Então, basta você colocar regras que muita gente, além de não ter afinidade com isso, não gostar, e a pessoa tem todo o direito de não gostar, é preferível que ela não ande armada, não há dúvida. Mas o que você não pode é tolher o direito de alguém poder andar com porte de arma quando ela cumpre todos os requisitos. Cumprido todos os requisitos, sendo monitorado anualmente, tendo que frequentar clubes de tiro, tendo que manusear a arma, tendo que ter avaliação do profissional, instrutor de tiro.
Essas exigências valem também para outros operadores do Direito?
Por que o juiz não faz teste para ter porte de arma? Por que o promotor não faz teste? Por que o defensor não faz teste? E se a arma dispara na casa dele e mata um filho? E se a arma dispara quando ele está no carro e ele perde uma perna? E se ele não tiver aptidão em nunca ter olhado uma pistola ou um revólver na vida? E se ele não souber carregar o pente dessa pistola? Então, basta que você imponha requisitos rígidos que a minoria da minoria vai requerer o porte de arma.

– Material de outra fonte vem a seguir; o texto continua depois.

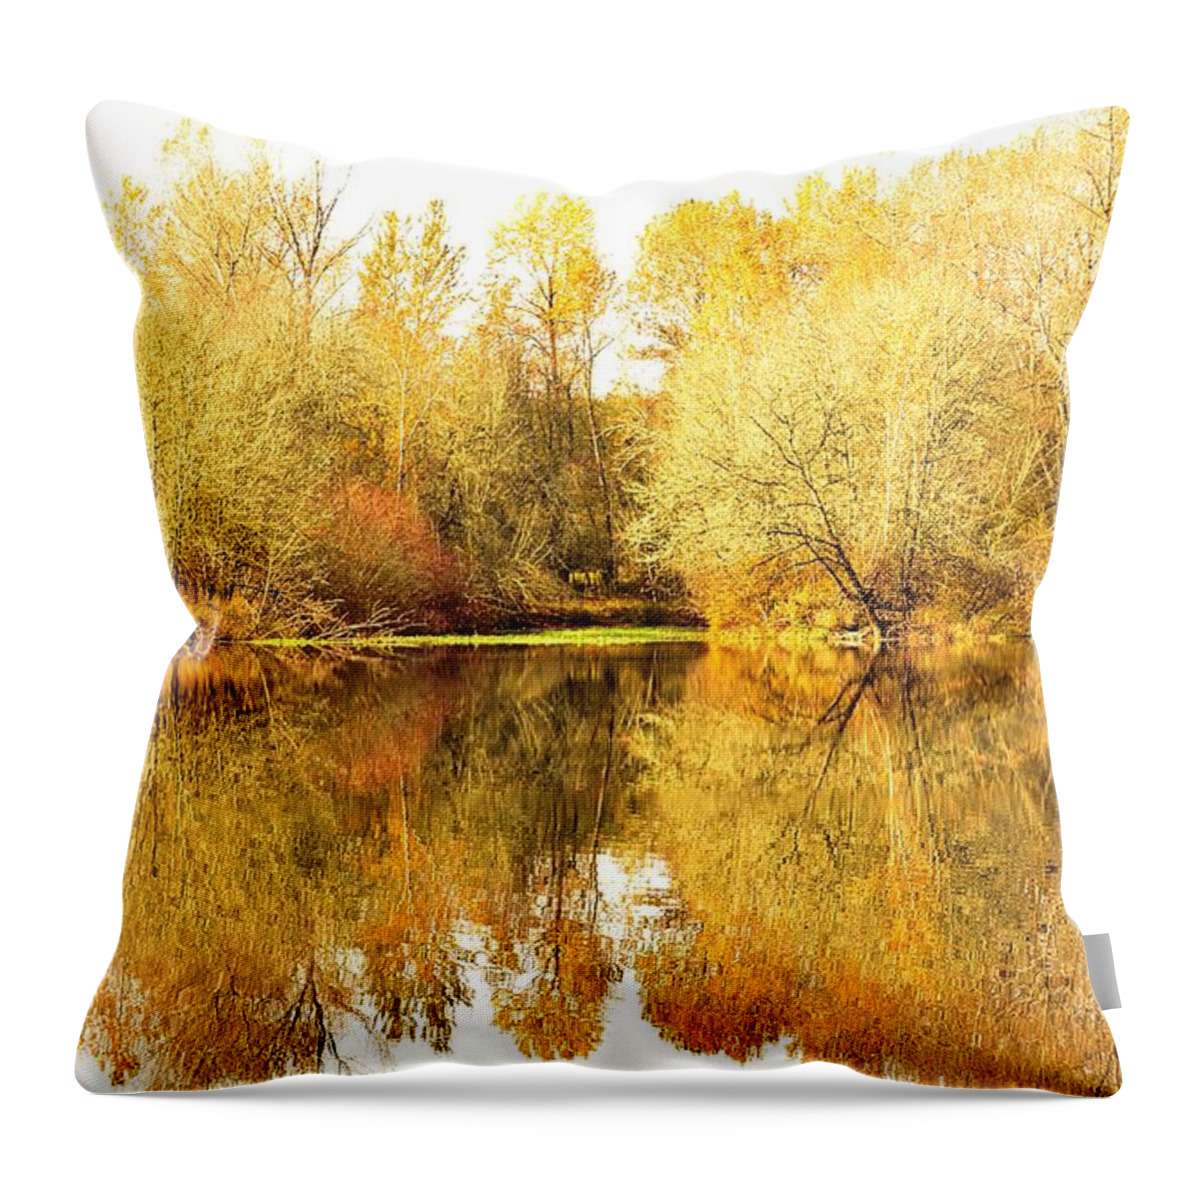 Landscape Fall Foliage Reflection Throw Pillow featuring the photograph Fall River Reflection by Michael Ramsey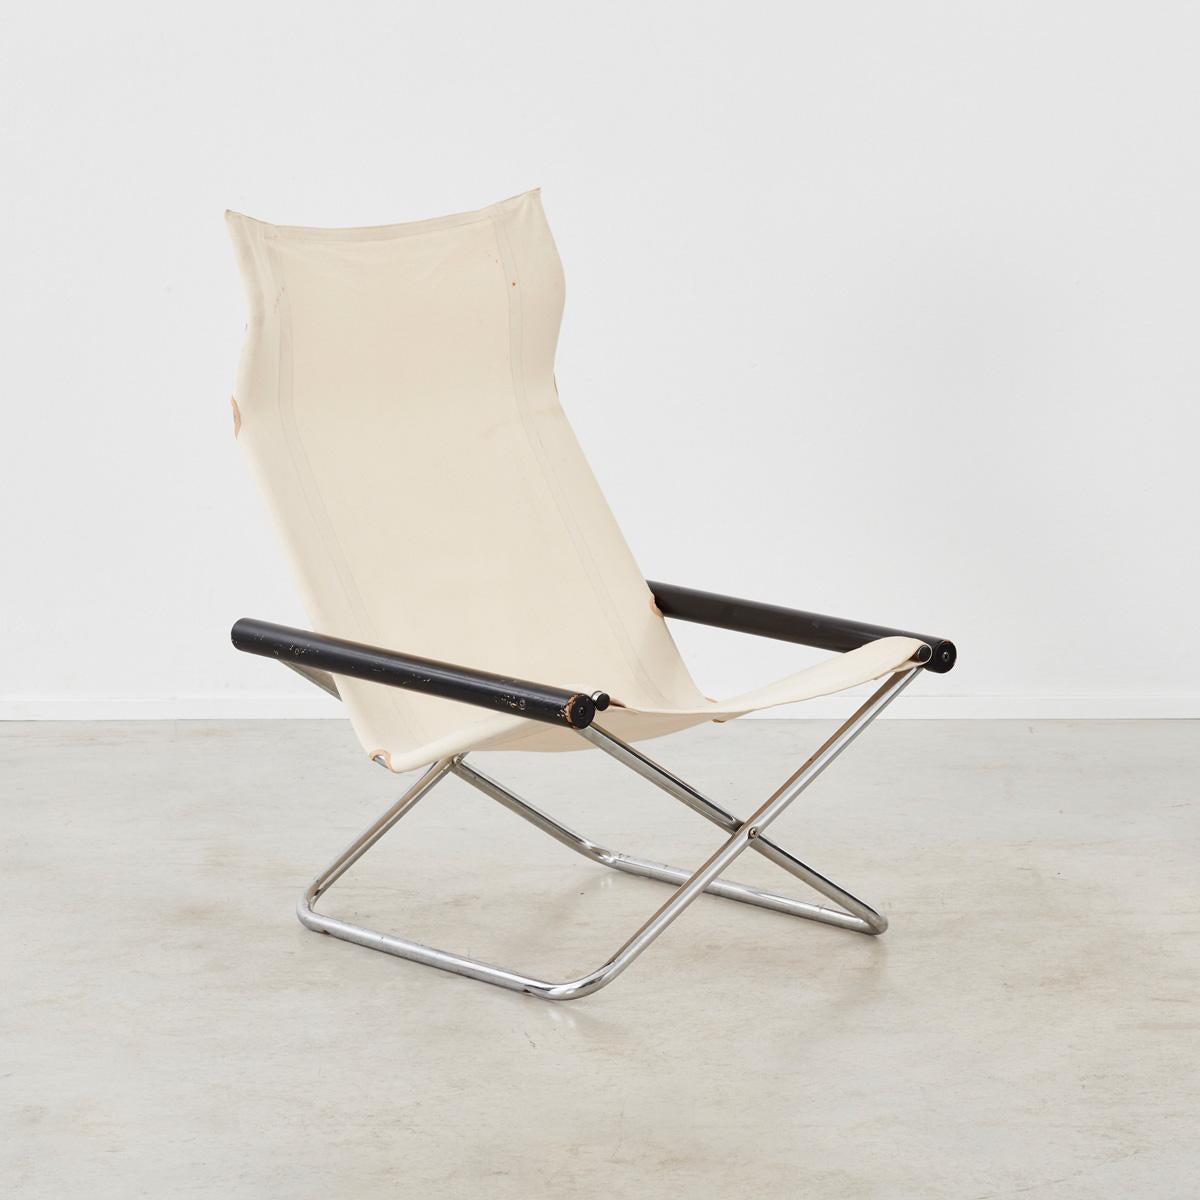 A winner of several design awards and a permanent part of the collection of MoMA, the ‘NY’ chair is a highly esteemed example of modern design. Created in 1958 by Japanese designer Takeshi Nii (1920-2007), the format of the chair was inspired by

Há um projeto em tramitação no Congresso para exigir votação entre os advogados para escolha do Conselho Federal da OAB. É importante uma mudança do tipo hoje?
É muita incoerência a entidade que representa a sociedade civil, e a maior prova disso foi que a OAB impulsionou o programa das Diretas Já para presidente da República. Quarenta anos depois, a OAB ainda não tem eleição direta para seu presidente do Conselho Federal. É como se eles não tivessem lutado pela Presidência da República, porque o nosso presidente do Conselho Federal é eleito por 80 conselheiros eleitos diretamente. Somente ele não é eleito diretamente por mais de um milhão de colegas. A pessoa mais importante no cenário nacional, que representa todos os presidentes das seccionais estaduais, é eleito indiretamente. Isso é uma incoerência que a sociedade civil não aceita. A classe da advocacia, muito menos. Ela almeja as eleições diretas, é uma eleição fácil de ser realizada, não há problema algum, basta que a urna eletrônica faça a sua vez. Então, nós propusemos o PL 1123/ 22, que, infelizmente, por um bom tempo não andou. Fomos a Brasília e pedimos à presidente da Comissão de Constituição e Justiça, deputada Carol di Toni (PL-SC), que nos atendeu prontamente e mudou a relatoria. E, hoje, a relatora é a deputada do Distrito Federal, Bia Kicis (PL-DF).
Foto: ALEX SILVA/ESTADAO |
Essa proposta vai ficar mesmo no Congresso ou há possibilidade de o assunto ir para o Supremo?
Não há mínima possibilidade de haver discussão sobre a constitucionalidade de uma votação direta para presidente da República. Isso está previsto na Constituição. A Constituição diz que o nosso voto para a classe política é direto, secreto e universal. Da mesma forma, a OAB simplesmente vai acompanhar um princípio constitucional. Não há o que se discutir. É um projeto de lei extremamente normal. Até porque ele nem deveria existir. O projeto de lei, na verdade, é uma imposição forçada nossa através do Parlamento. A obrigação do Conselho Federal era, numa sessão, decidir pela eleição direta. Eles têm esse poder. Se o Conselho Federal tivesse essa vontade democrática, nós não precisaríamos ter protocolado o projeto de lei.
Com a mudança de relatoria, há uma previsão para a primeira eleição?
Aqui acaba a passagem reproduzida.